Not really considering they were facing the then largest army on earth and desperately needed to raise money for their own defense.
As I said before, on tariff collections, New York, not Charleston or New Orleans collected the overwhelming portion of tariffs. And it was impossible for less than 5 Million white southerners, most of the mud sill farmers, to spend more on imported goods that the 20 million people of the Northern states.
And as I said, where the goods landed was irrelevant. The owner of the goods pays the tariff not the port. Also, who ever said only White Southerners bought the goods that were imported? I made it quite clear that that was not the case.
BTW, to answer you question… By the way, if that tariff burden were not falling overwhelmingly on the Southern states, why did the following politicians at the time say this… The answer is simple. Then, just like today, politicians are generally sneaky, lying pieces of crap. That’s why.

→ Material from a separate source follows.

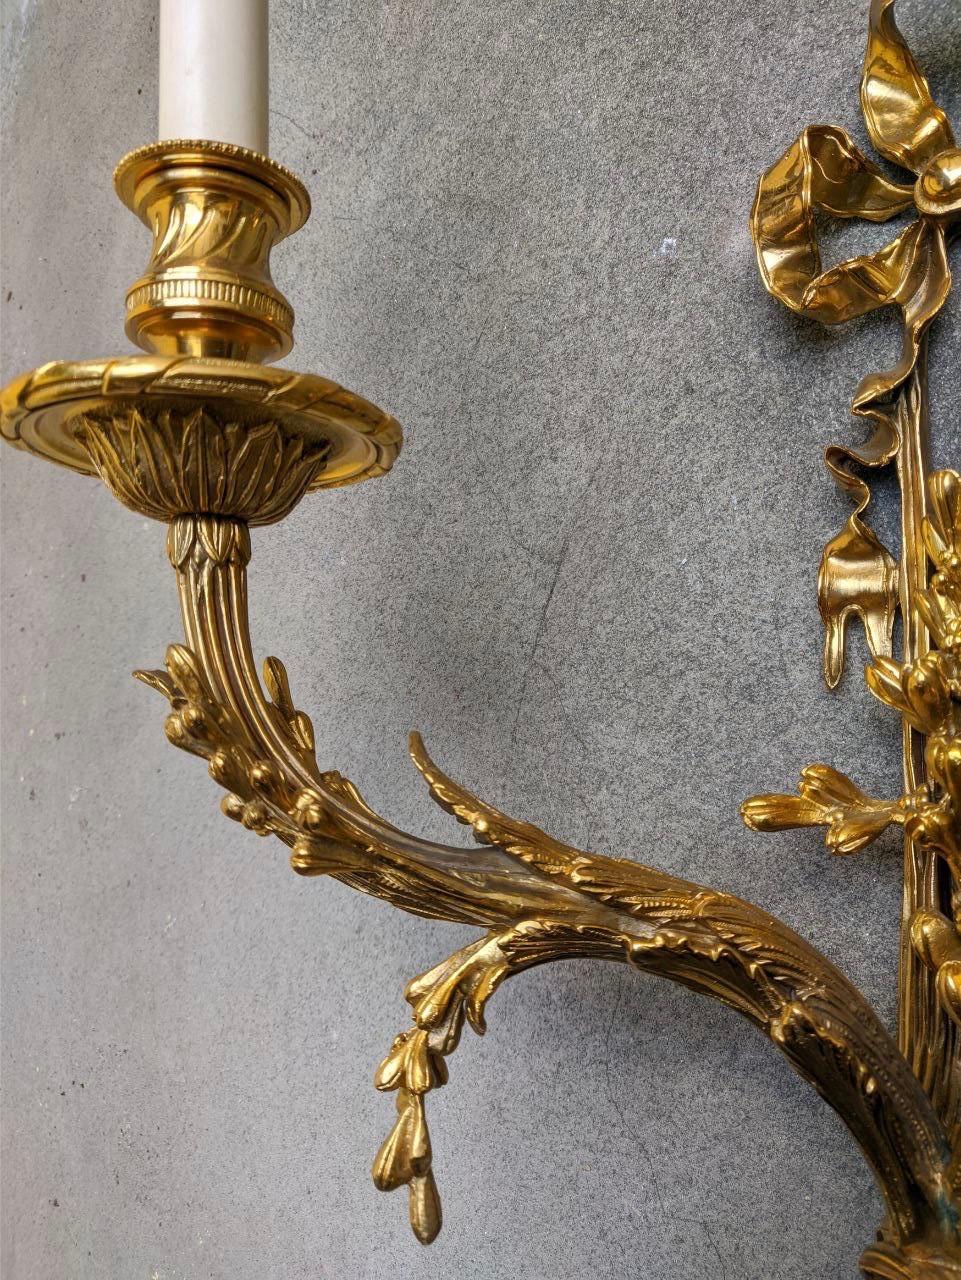 Dieser französische Wandleuchter im Directoire-Stil ist aus hochwertiger, ziselierter Bronze gefertigt und weist zahlreiche lebendige Details auf, die für das Ende des 18. Jahrhunderts typisch sind. Oben befindet sich eine Heftklammer, ein typisches

So all those politicians North and South, all those Newspapers North and South as well as foreign, they were all just lying? It was some grand conspiracy lasting decades in which numerous people on all sides decided to just lie about the fact that the Southern states were bearing the overwhelming share of the tax burden and were not receiving their fair share back in federal largesse?
I find that rather unpersuasive.
Always with the excuses. Notice when this passed… May of 1861. That was two full months before 1st Bull Run. The Confederate Army was just as large as the Union Army at that point.
But don’t allow inconvenient facts to interrupt your playing the poor victim.
All of them, no there might have been a few that were just wrong, but then as now, most news media and most politicians lie for a living. It’s what they do.
Are you saying that if I lived on Dothan, Al, and ordered plow from England, I had to go to New York to receive it from the ship and then pay the tariff to those damn Yankees?